Lukasa commented Jan 10, 2014

Again, I have really mixed feelings about doing this on a stream() call. If you're stream()ing, you should be prepared to accept more or less data than the server claims it'll send, and do the appropriate thing in that case, rather than have urllib3 vomit in your face.

@shazow

This comment has been minimized.

Collaborator

shazow commented Jan 10, 2014

Could add some kind of .stream(strict=True) which would raise an exception? :/

@patricklaw

This comment has been minimized.

patricklaw commented Jan 10, 2014

Why should you be prepared to accept more or less data than the server claims? And even if you should, why would you expect to not be informed as the spec instructs?

@Lukasa

This comment has been minimized.

Contributor

Lukasa commented Jan 10, 2014

@patricklaw What I'm getting at here is that it's totally reasonable to have a use case that says "I know that the server incorrectly indicated the length of the content, and I'm ok with that." There are plenty of reasons you might be OK with that: for instance, you might already know the server is faulty, or you might be testing a server you wrote that makes mistakes.

When streaming data, in particular, the user of urllib3 is taking control of how data gets read away from urllib3. In effect, the user is saying "please let me choose how much data I read and when". In that world, the user doesn't need to be informed that they've downloaded more or less data than the server told them, because they should already know. I'd argue that if they don't know they should not be using the streaming API to begin with.

There is added ambiguity in the spec caused by the phrase 'user-agent'. You believe (not necessarily incorrectly, by the way) that urllib3 is a user-agent. I believe that it needn't be a user-agent, and in fact whether it is depends entirely on the particular consumer of urllib3's APIs. For instance, it can be a lower-lying layer inside a higher-level user-agent (such as Requests, which also is sometimes not a user-agent).

I'm entirely open to @shazow's suggestion of having a strict kwarg that decides whether an exception gets raised or not, that's totally reasonable. But I think forcing an exception to be raised is not just unnecessary, but obnoxious: careless users will get burned when the exception they weren't prepared for unwinds their stack and causes them to lose their data. And to be clear, most users are careless, as this kind of error is deeply uncommon.

@Lukasa

This comment has been minimized.

Contributor

Lukasa commented Jan 29, 2014

I followed up on this, because I was wondering why httplib wasn't raising this anyway.

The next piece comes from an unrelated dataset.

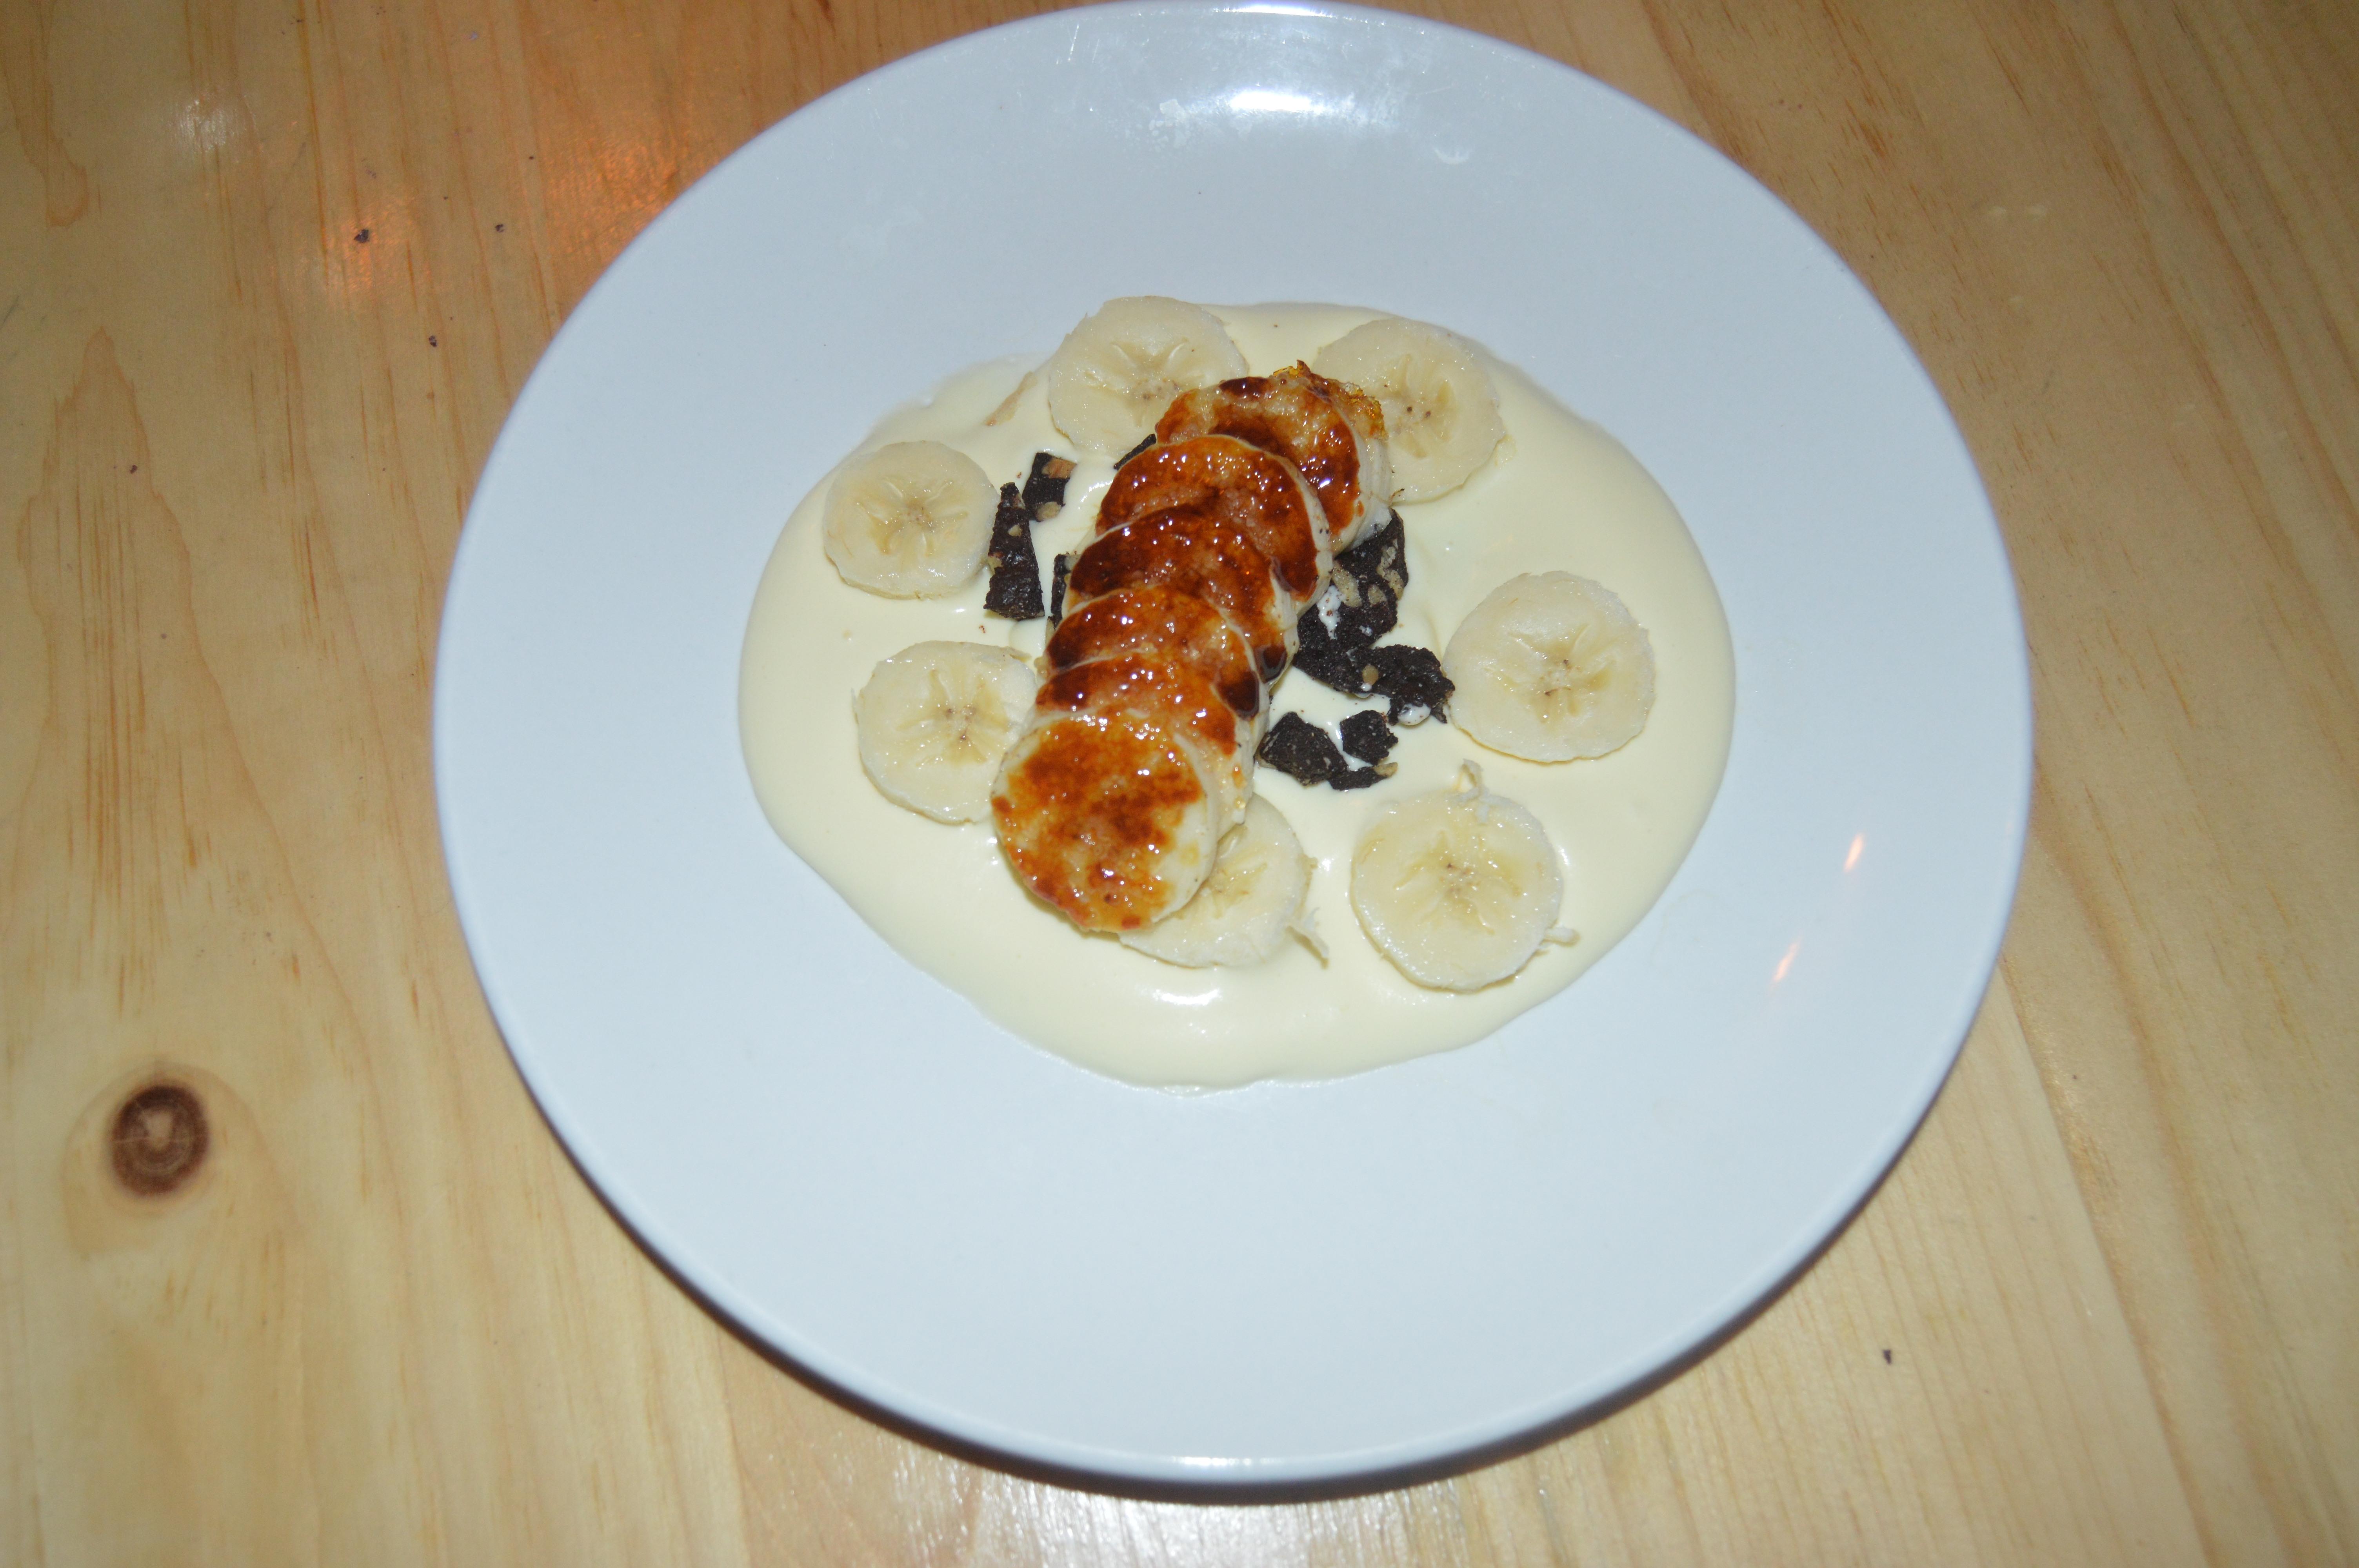 d44a688d312522fbb797_Carmelized_banana_pudding.JPG

It turns out that httplib does exactly what we do: if you use HTTPResponse.read() with an argument specifying how many bytes to read, it never throws an IncompleteRead error.

With that in mind, I think we can close this and the associated requests issue. Everyone is doing the same thing here, and I think that thing is fine.

@shazow

This comment has been minimized.

Collaborator

shazow commented Jan 29, 2014

I'm personally happy to leave this as-is too. @patricklaw If you still feel very strongly about it, I'm willing to review a PR for a .stream(strict=True) param.

@amarchandole

This comment has been minimized.

amarchandole commented Sep 6, 2017

If we are not throwing any exception for incomplete reads, what would be a way to catch such a case? In my case, I am streaming content 4kb at a time and I do not want to go ahead if the fetched content is incomplete. However, the status code is 200 and there is no way at all to find out if the content read is incomplete, as if chunk encoding is present, I do not even have content-length to compare against.

@Lukasa

This comment has been minimized.

Contributor

Lukasa commented Sep 7, 2017

If chunk encoding is present you should get errors if it is incomplete.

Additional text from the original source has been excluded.